假设用 YMatrix 启动的 matrixdb，就需要在 hadoop 的 core-site.xml 配置 proxyuser 为 matrixdb 用户，从 hdfs、hive 中读取数据的时候，pxf 需要模拟一个代理用户,一定要配置，否则无法读取数据。

[mxadmin@sdw3 hadoop]$ cat core-site.xml
<?xml version="1.0" encoding="UTF-8"?>
<?xml-stylesheet type="text/xsl" href="configuration.xsl"?>
<configuration>
<property>
  <name>fs.defaultFS</name>
  <value>hdfs://sdw3:8020</value>
</property>
<property>
  <name>hadoop.proxyuser.mxadmin.hosts</name>
  <value>*</value>
</property>
<property>
  <name>hadoop.proxyuser.mxadmin.groups</name>
  <value>*</value>
</property>
<property>
  <name>hadoop.proxyuser.mxadmin.users</name>
  <value>*</value>
</property>
<property>
  <name>hadoop.tmp.dir</name>
  <value>/data/bigdata/hadoop/tmp</value>
</property>
</configuration>

4. servers hive配置

4.1 pxf-site.xml

mkdir /usr/local/pxf-matrixdb4/conf/servers/hive

[mxadmin@sdw3 conf]$ pwd
/usr/local/pxf-matrixdb4/conf
[mxadmin@sdw3 conf]$ ls servers/hive/hive-site.xml   --从hive conf文件夹获取
servers/hive/hive-site.xml

[mxadmin@sdw3 conf]$ pwd
/usr/local/pxf-matrixdb4/conf

[mxadmin@sdw3 conf]$ cat servers/hive/pxf-site.xml
<?xml version="1.0" encoding="UTF-8"?>
<configuration>
    <property>
        <name>pxf.service.kerberos.principal</name>
        <value>gpadmin/_HOST@EXAMPLE.COM</value>
        <description>Kerberos principal pxf service should use. _HOST is replaced automatically with hostnames FQDN</description>
    </property>
    <property>
        <name>pxf.service.kerberos.keytab</name>
        <value>${pxf.conf}/keytabs/pxf.service.keytab</value>
        <description>Kerberos path to keytab file owned by pxf service with permissions 0400</description>
    </property>
    <property>
        <name>pxf.service.user.impersonation</name>
        <value>${pxf.service.user.impersonation.enabled}</value>
        <description>End-user identity impersonation, set to true to enable, false to disable</description>
    </property>
    <!--
             <property>
        <name>pxf.service.user.name</name>
        <value>${user.name}</value>
        <description>

            Uncomment and set the proper value only if:

            - user impersonation is enabled and you want to use the specified
              user as a proxy on the unsecured Hadoop clusters. This is useful
              when a proxy user has already been configured on the Hadoop side,
              and you don't want to add gpadmin (the default) as a proxy user.

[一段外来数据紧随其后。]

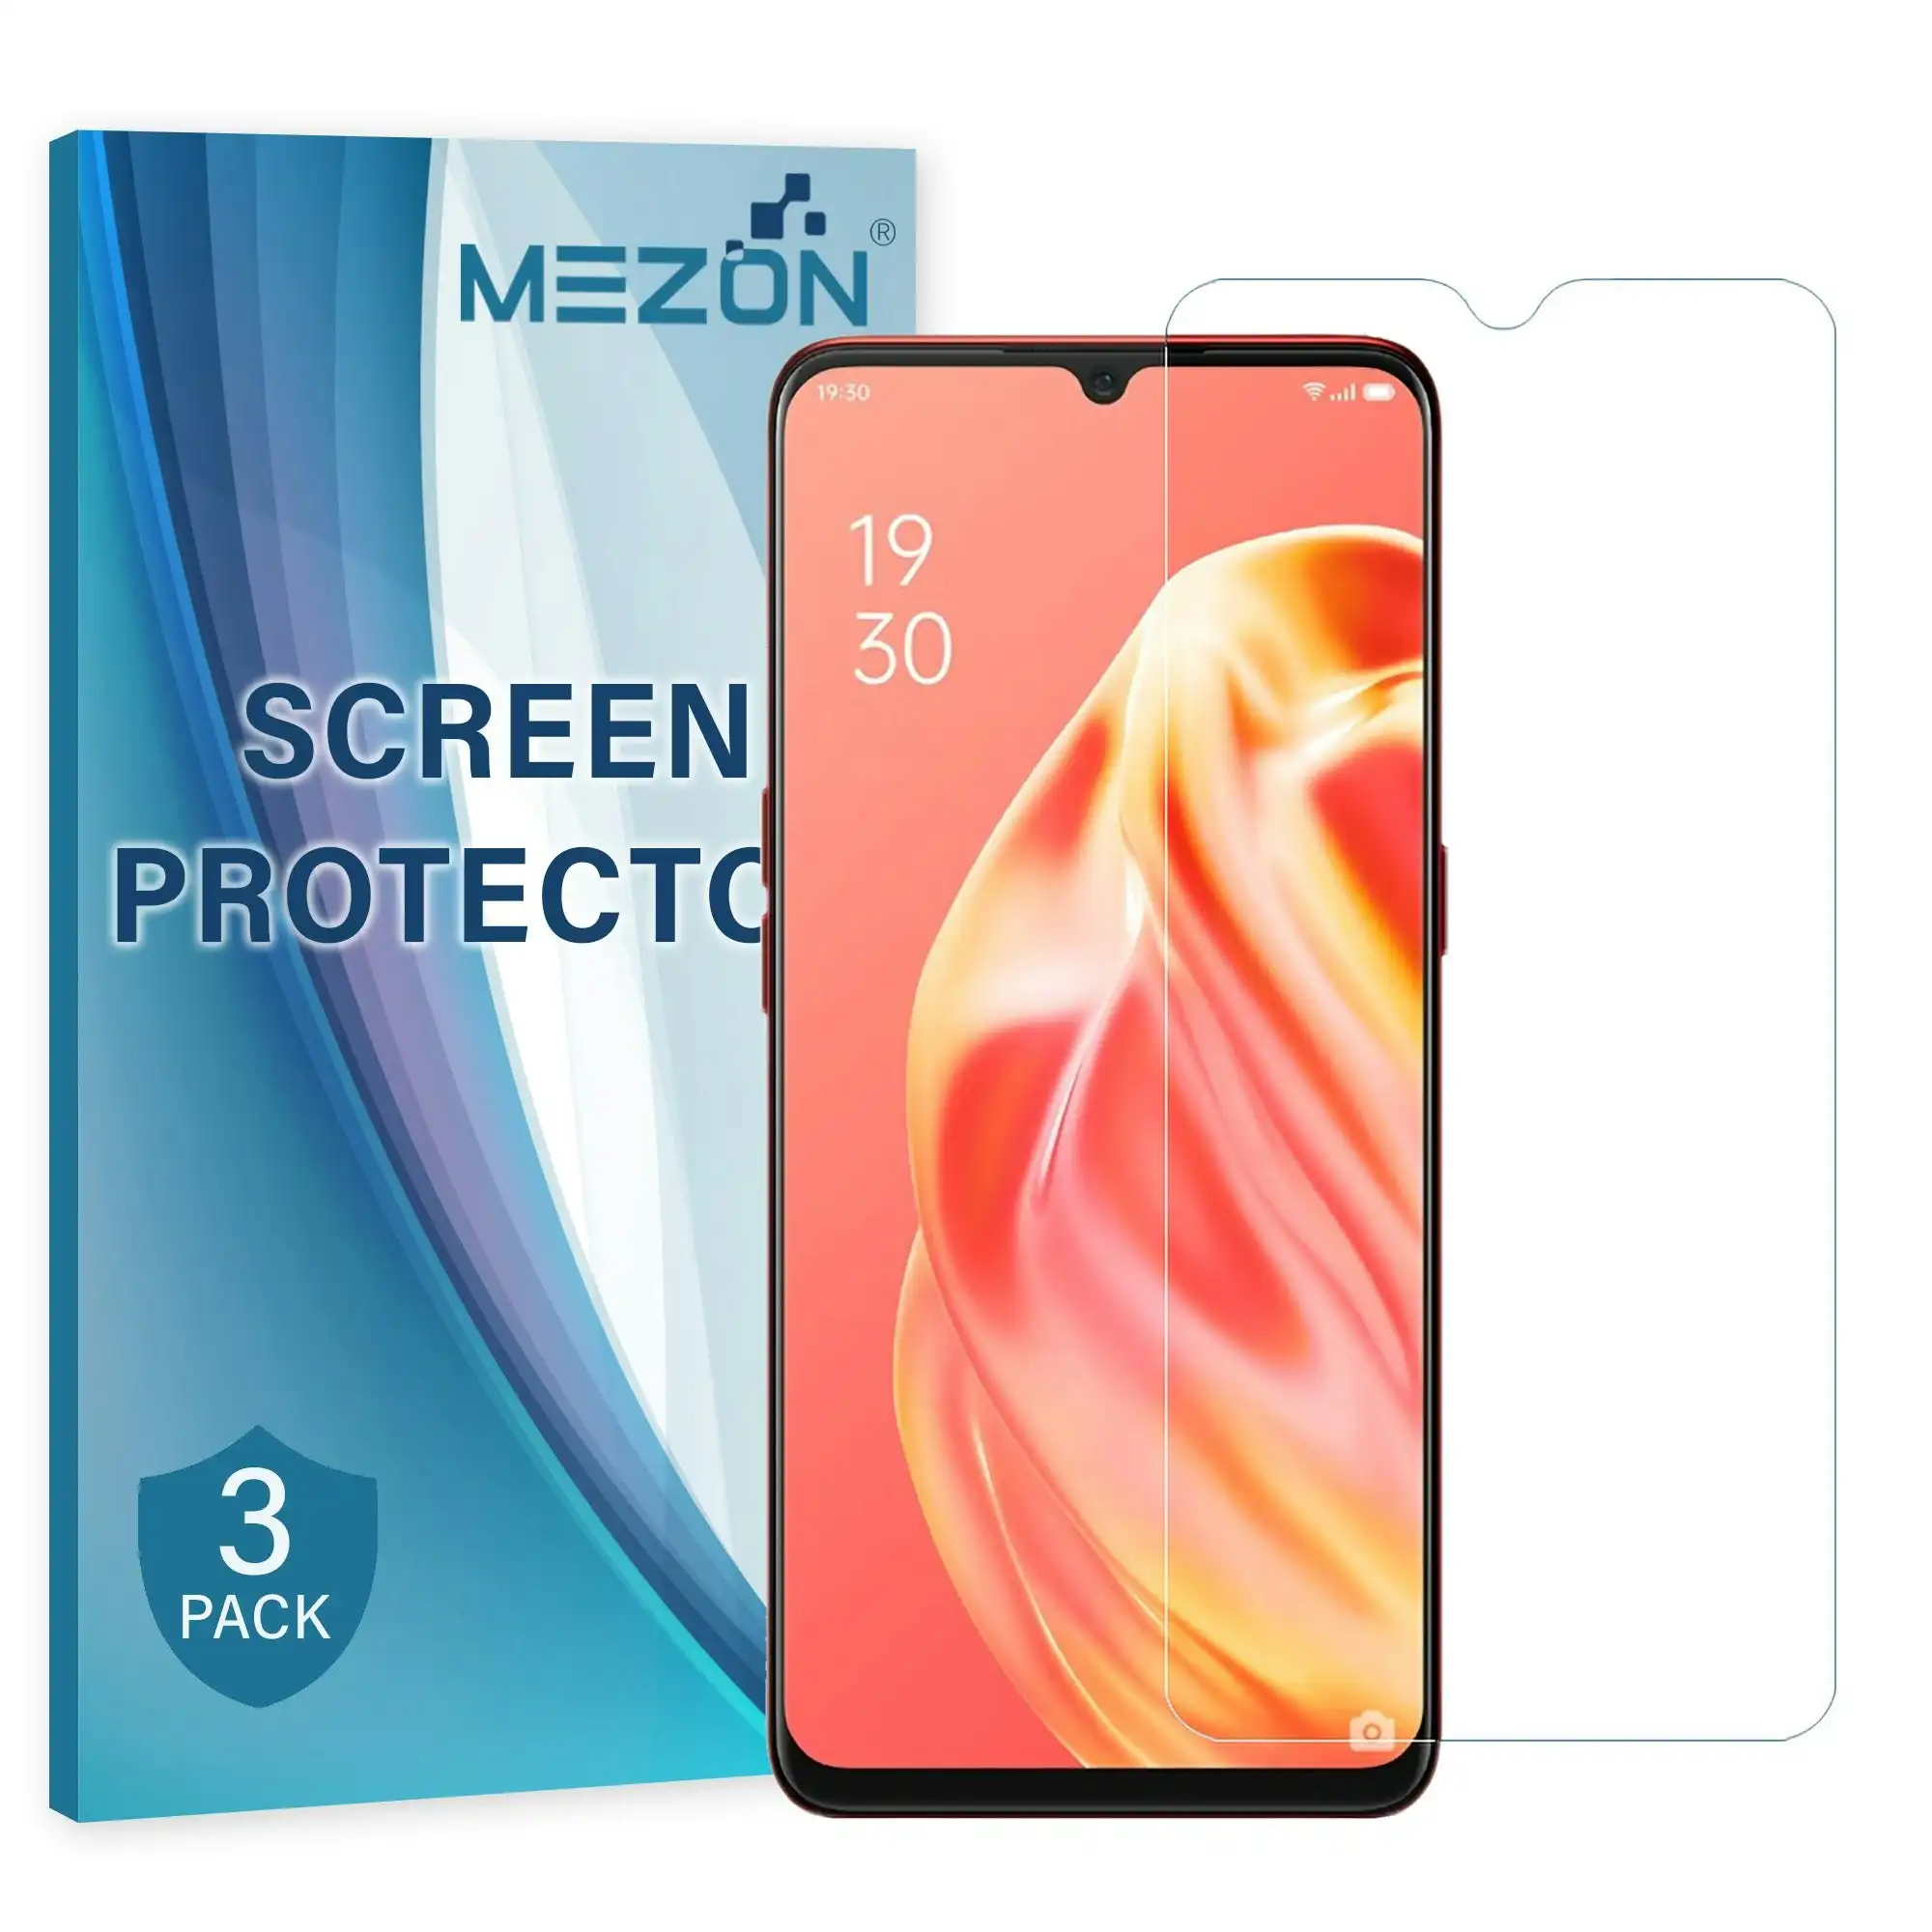 [3 Pack] MEZON Vivo X50 Lite Anti-Glare Matte Screen Protector Case Friendly Film (Vivo X50 Lite, Matte)

            - user impersonation is disabled and you want queries from all
              Greenplum users to appear on the Hadoop side as coming from the
              specified user.

        </description>
    </property>
    -->
    <!--这是hive的数仓位置路径-->
    <property>
        <name>pxf.fs.basePath</name>
        <value>/hive/warehouse</value> 
        <description>
            Sets the base path when constructing a file URI for read and write
            operations. This property MUST be configured for any server that
            accesses a file using a file:* profile.
        </description>
    </property>

    <property>
        <name>pxf.ppd.hive</name>
        <value>true</value>
        <description>Specifies whether Predicate Pushdown feature is enabled for Hive profiles.</description>
    </property>

</configuration>

4.2 pxf-profiles.xml

[mxadmin@sdw3 conf]$ cat conf/pxf-profiles.xml
    <profile>
        <name>HiveORC</name>
        <description>This profile is suitable only for Hive tables stored in ORC files and
            serialized with either the ColumnarSerDe or the LazyBinaryColumnarSerDe. It is much
            faster than the general purpose Hive profile. Supports GPDBWritable output format, as
            specified in FORMAT header parameter.
        </description>
        <plugins>
            <fragmenter>org.greenplum.pxf.plugins.hive.HiveInputFormatFragmenter</fragmenter>
            <accessor>org.greenplum.pxf.plugins.hive.HiveORCAccessor</accessor>
            <resolver>org.greenplum.pxf.plugins.hive.HiveORCSerdeResolver</resolver>
            <metadata>org.greenplum.pxf.plugins.hive.HiveMetadataFetcher</metadata>
            <outputFormat>org.greenplum.pxf.api.io.GPDBWritable</outputFormat>
        </plugins>
        <optionMappings>
            <mapping option="ppd" property="pxf.ppd.hive"/>
        </optionMappings>
    </profile>
    <!-- 新加，如果需要其它格式，继续新加-->
    <profile>
        <name>hive:HiveORC</name>
        <description>This profile is suitable only for Hive tables stored in ORC files and
            serialized with either the ColumnarSerDe or the LazyBinaryColumnarSerDe. It is much
            faster than the general purpose Hive profile. Supports GPDBWritable output format, as
            specified in FORMAT header parameter.
        </description>
        <plugins>
            <fragmenter>org.greenplum.pxf.plugins.hive.HiveInputFormatFragmenter</fragmenter>
            <accessor>org.greenplum.pxf.plugins.hive.HiveORCAccessor</accessor>
            <resolver>org.greenplum.pxf.plugins.hive.HiveORCSerdeResolver</resolver>
            <metadata>org.greenplum.pxf.plugins.hive.HiveMetadataFetcher</metadata>
            <outputFormat>org.greenplum.pxf.api.io.GPDBWritable</outputFormat>
        </plugins>
        <optionMappings>
            <mapping option="ppd" property="pxf.ppd.hive"/>
        </optionMappings>
    </profile>

5. YMatrix 建表

postgres=# create table t1(id int,a text);
psql: NOTICE:  Table doesn't have 'DISTRIBUTED BY' clause -- Using column named 'id' as the Greenplum Database data distribution key for this table.
HINT:  The 'DISTRIBUTED BY' clause determines the distribution of data. Make sure column(s) chosen are the optimal data distribution key to minimize skew.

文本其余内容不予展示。